Translation regulation dynamics

Instructions

This Java applet
(Java 1.4) models the dynamics of translation regulation in the Unfolded Protein Response in yeast.

The background picture is a conceptual visualisation of the relevant cellular compartments: the overall cell, the nucleus and the endoplasmic reticulum. The box in the upper right corner is the legend. The colors in the lower right graph corresponds to the

The simulation starts automatically with initially low concentration of unfolded proteins. The other concentrations then settles at their respective steady state levels.

There are three buttons: Shock, break, and init. The Shock button shocks the system by transiently increasing the unfolding rate by 50-fold. Clicking repeatedly on this button will cause a resetting (since the cell will most probably die from too high unfolding rates). To study the dynamical profile the break button can be pressed to freeze the current picture. To restart the simulation the init button will clear the cell of unfolded protein to the standard level, and the system will once again be sensitive to a shock. The textfield displays the value of t*, which can be interactively set to values between 1 and 25.

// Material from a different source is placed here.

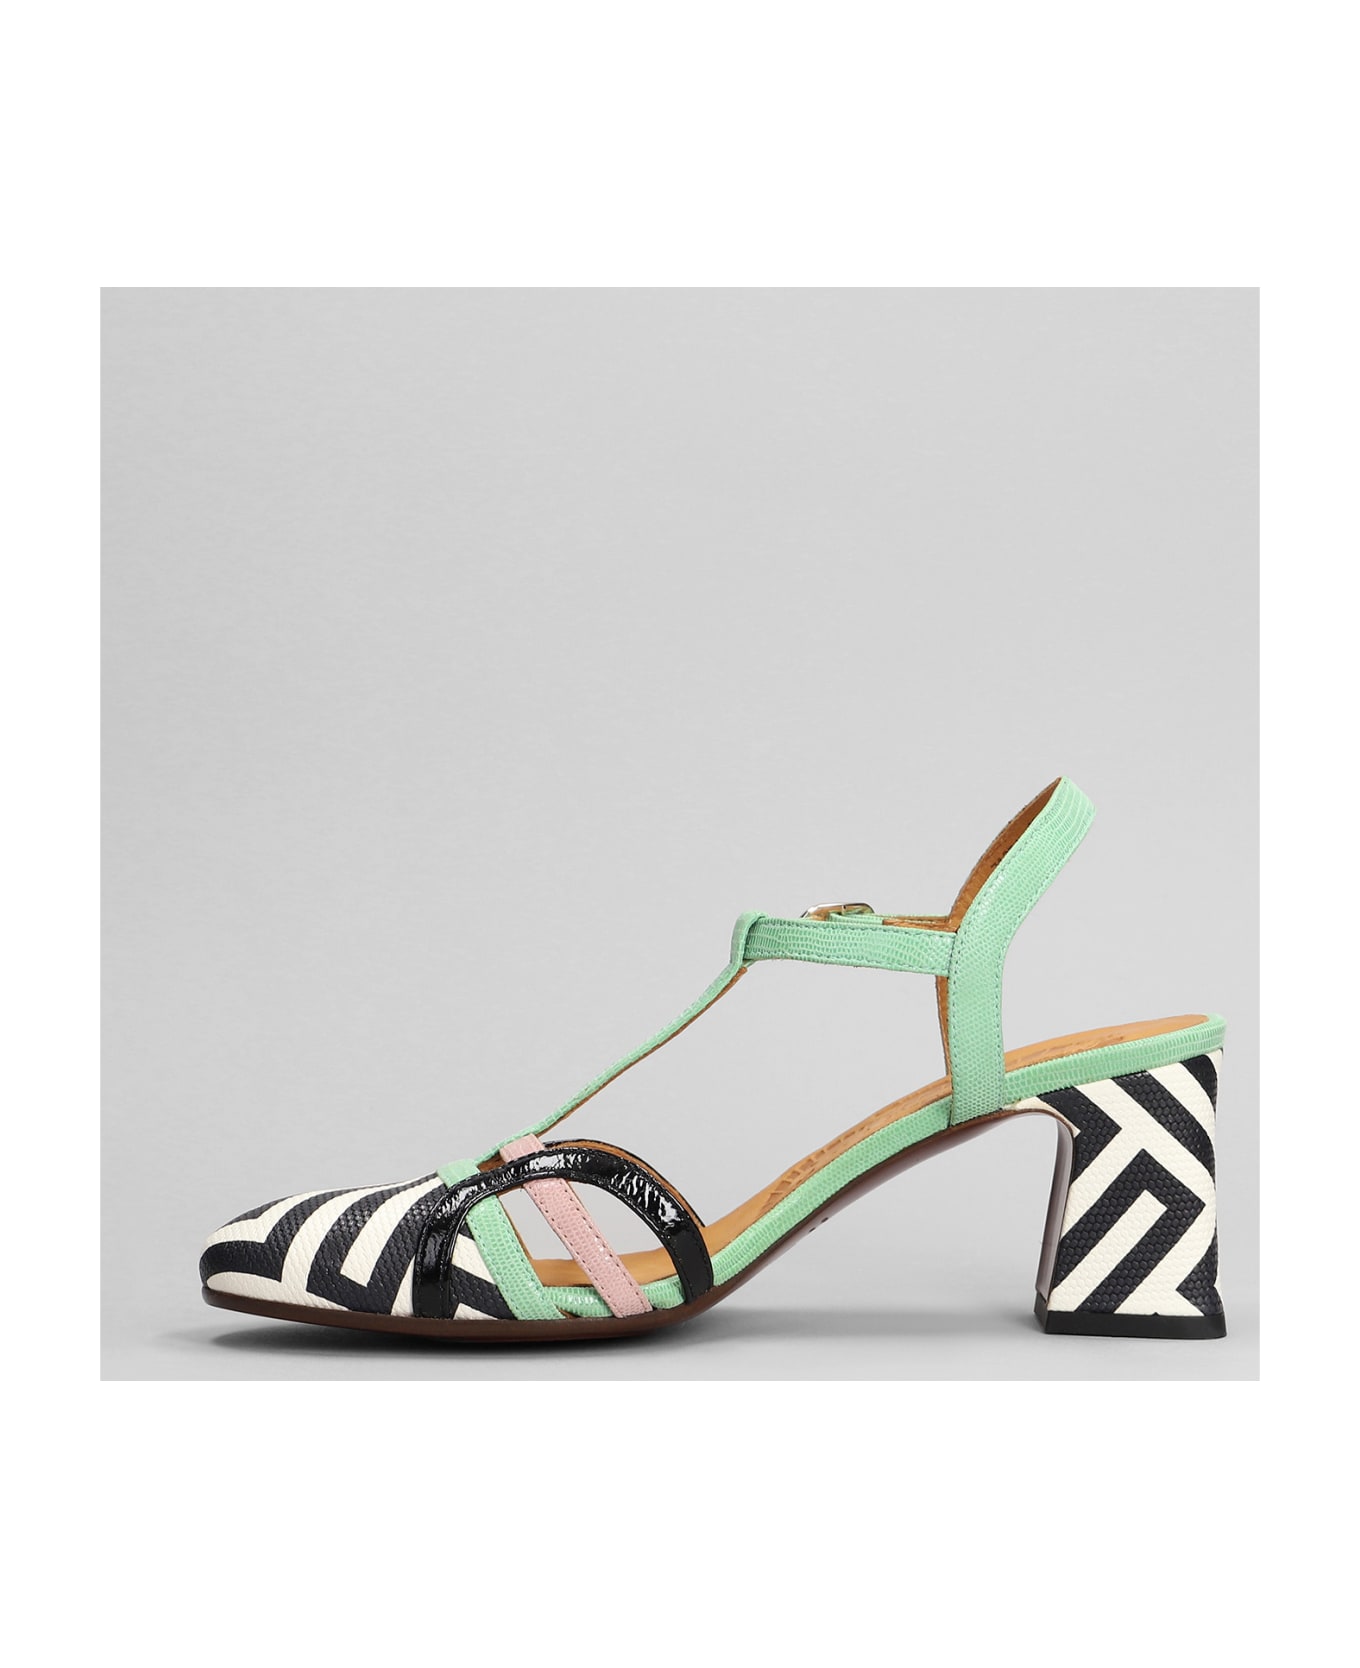 Chie Mihara Fendy Pumps In Green Leather - green サンダル

The ODE equations are integrated by solving the fast chemistry (red/blue arrows) adiabatically since these are strongly nonlinear and contains rates which are 10 orders of magnitude larger than the soft equations describing proteins synthesis, mRNA conversion and protein folding. In the paper the equations were properly integrated by a second order implicit differentiating and automatic timestep adjustment algorithm in MATLAB (ode23s). In this version we display the extended model where the folded/unfolded dynamics is displayed for clarity.

 


Quantifying the benefits of translation regulation in the unfolded protein response

J.B. Axelsen and K. Sneppen


(A mathematical model for the dynamics of translation regulation)
 

The model deals with the dynamics of having a stock of passive mRNA (m) for rapid conversion to active mRNA (m*). (1) The moment the cell experiences a shock in the form of vastly increased levels of unfolded proteins (U), the folding chaperone (BiP) is released from a complex with an endonuclease (Ire1p). This endonuclease then (2) cleaves passive mRNA into (3) active mRNA, which then opens for parallel production (4) of a signalling protein (Hac1p) which then initiates transcription (5) of the folding chaperone (BiP). The chaperone brings the unfolded protein levels down, and the loop is closed.
 
In the paper we analyse the model and discuss the relevant parameters for making this system work. We found that there exists a relation between degradation times for the mRNAs (tm,t*) and the rate with which Ire1p converts passive to active mRNA (c): c~1/tm << 1/t*.
 
The degradation time for the passive mRNA should match the conversion rate because otherwise sensitivity is lost (This can be realised from the steady state condition). The short lifetime of m* is necessary for an overshooting effect of the concentration of Hac1p. The overshooting will bring BiP faster to its required level, since the change in BiP is a direct function of Hac1p.
 
Parameters derived from both in vivo and in vitro experiments shows that the relation above holds. However, as discussed in the paper, by varying the model parameters we found that the model is most sensitive to t*, which lead to a reinterpretation of raw data in order to match the peak times of measured mRNA for Hac1p. This is perfectly in line with the philosophy of the model which states that t* is limiting.
 
This model is the first of its kind, since the demands on biological information is quite high and the system is novel in its design. Especially the transmembrane kinase/endonuclease Ire1p is a remarkable feat of evolution. The system is also present in mammals in a sligthly modified form.